La prima sera, dopo l'arrivo e la cena con i vescovi, sostò in cappella davanti
al Santissimo. Le suore avevano preparato per lui un grande inginocchiatoio,
ma egli preferì pregare nel banco. Io lo accompagnai, attendendo fuori della
cappella. La sera seguente fui trattenuto da impegni e telefonate urgenti, e
non potei accompagnarlo in cappella. Ci arrivai dopo, quando era già
inginocchiato. Prima di entrare avevo udito come una musica indistinta, e
quando aprii silenziosamente la porta, sentii che, inginocchiato nel banco,
cantava sommessamente davanti al tabernacolo. Il Papa cantava sottovoce
davanti a Gesù Eucaristia: il Papa e Cristo nell'Ostia, Pietro e Cristo. Fu per
me una cosa sconvolgente, un fortissimo richiamo alla fede e all'amore per
l'Eucaristia, e alla realtà del ministero petrino. Non ho più dimenticato
quell'esile canto, che era come un colloquio d'amore con Cristo. Ho raccontato
una sola volta questo episodio, in Repubblica Ceca, ma è bene che sia noto,
tanto più ora che si avvicina la sua beatificazione, perché dice
magnificamente che dobbiamo avere un legame sempre vivo, intimo e
profondo con Gesù, vivente nell'Eucaristia. E dimostra, in modo superlativo,
che Giovanni Paolo II è stato veramente un innamorato di Cristo.
Infine, vorrei sottolineare l'amore dei popoli slavi per il Pontefice polacco. Nel
1990 fui inviato in Cecoslovacchia, che due anni dopo si divise pacificamente
in due Stati, la Repubblica Ceca e la Slovacchia. Questo è stato il regalo più
grande che mi abbia fatto Giovanni Paolo II, dopo quello di avermi ordinato
vescovo. Ricordo che, ancora la vigilia della mia partenza per Praga, lo vidi
all'eliporto vaticano, di ritorno da una visita in una diocesi italiana, e gli dissi:
"Padre Santo, domani parto, e finalmente vedrò anch'io, in Slovacchia, i "suoi"

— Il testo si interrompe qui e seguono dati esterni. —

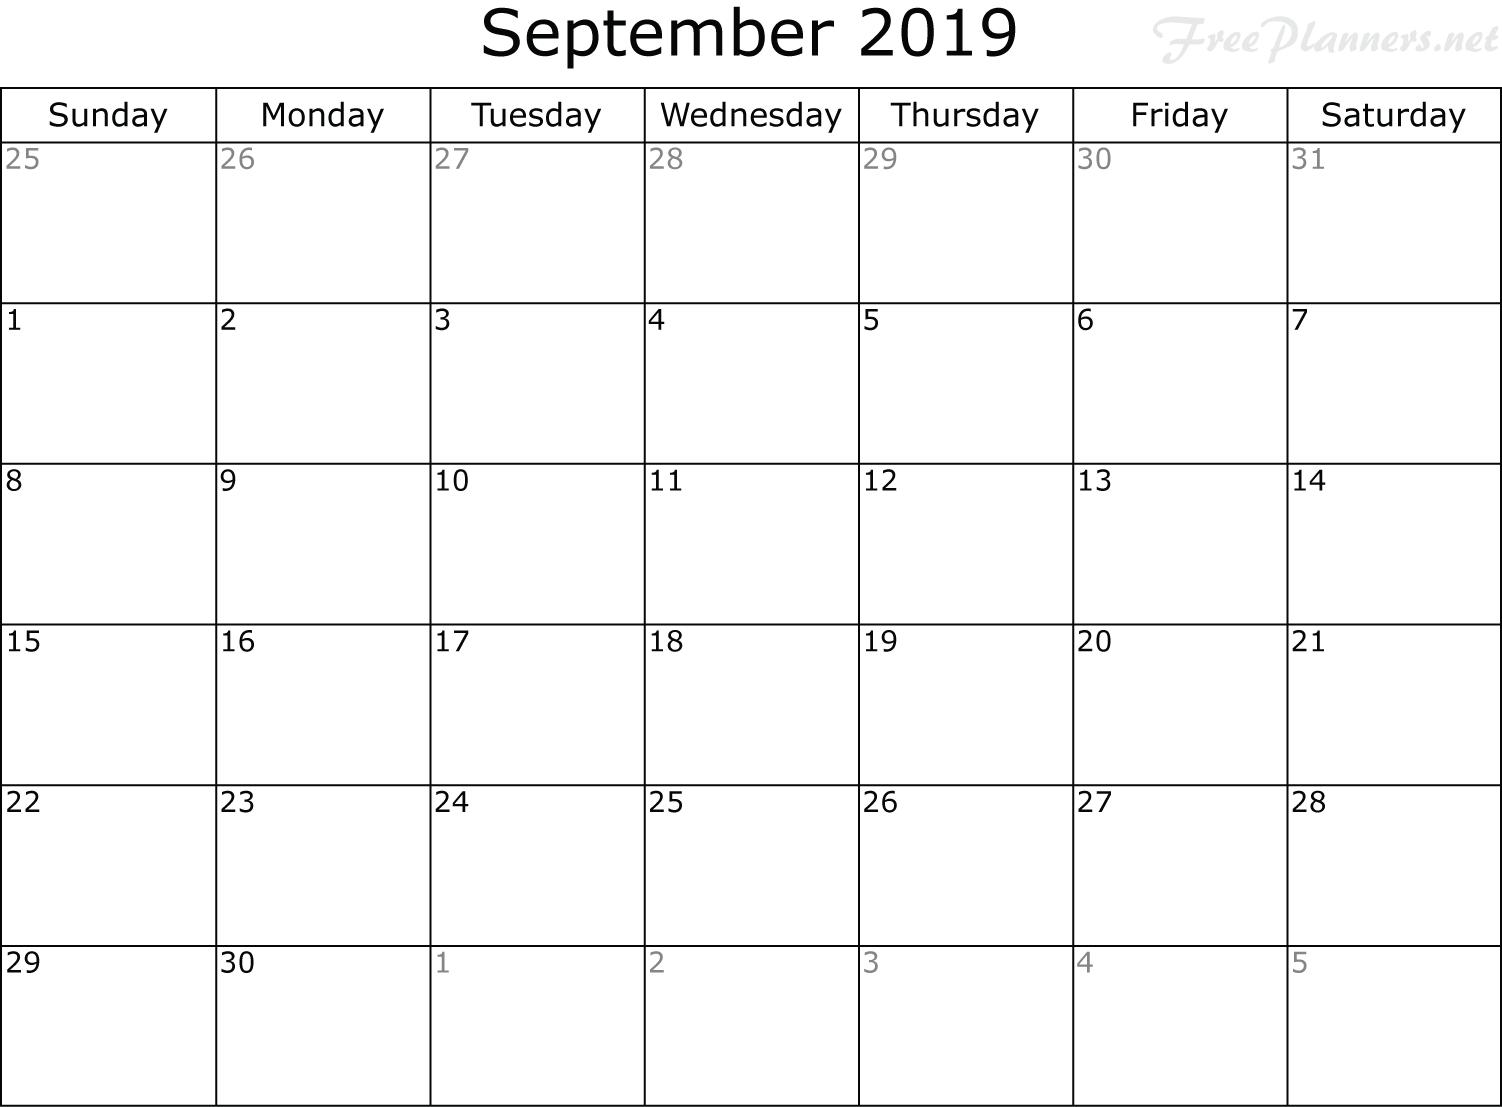 Calendar Planner September 2019.2019 Monthly Calendar Monthly Calendar Planner Free Planners

monti Tatra". Ma lui, sorridendo bonariamente, mi disse. "Oh! I Tatry sono
molto più belli dal versante polacco che non da quello slovacco!".
L'esperienza come nunzio apostolico è stata la più intensa che io abbia fatto.
In quegli anni, potei toccare con mano quanto il Papa fosse amato dal popolo
ceco e slovacco, a cominciare dalle autorità. Il presidente Havel mi disse due
volte che Giovanni Paolo II aveva svolto un ruolo fondamentale nella caduta
del comunismo: "Certamente - sosteneva - ci furono anche altre cause per la
vittoria della libertà sul comunismo, ma, senza di lui, il risultato non sarebbe
stato così subitaneo e inatteso". Altre volte mi sottolineò che i suoi colloqui
col Papa erano sempre molto informali e cordiali: "Lui parla in polacco, io in
ceco - diceva - e ci intendiamo molto bene".
Ciò che gli attirava le simpatie di tutti era il fatto che fosse il primo Papa
slavo della storia. La gente, che per quarant'anni era stata frastornata dalla
propaganda ateistica, cominciava a capire che cos'era la Chiesa, quale mistero
di comunione e di fratellanza portasse agli uomini insieme con la fede in Dio e
l'amore di Cristo, negati per così lungo tempo. Anche per questo, Giovanni
Paolo II è stato un grande dono di Dio alla Chiesa e all'umanità.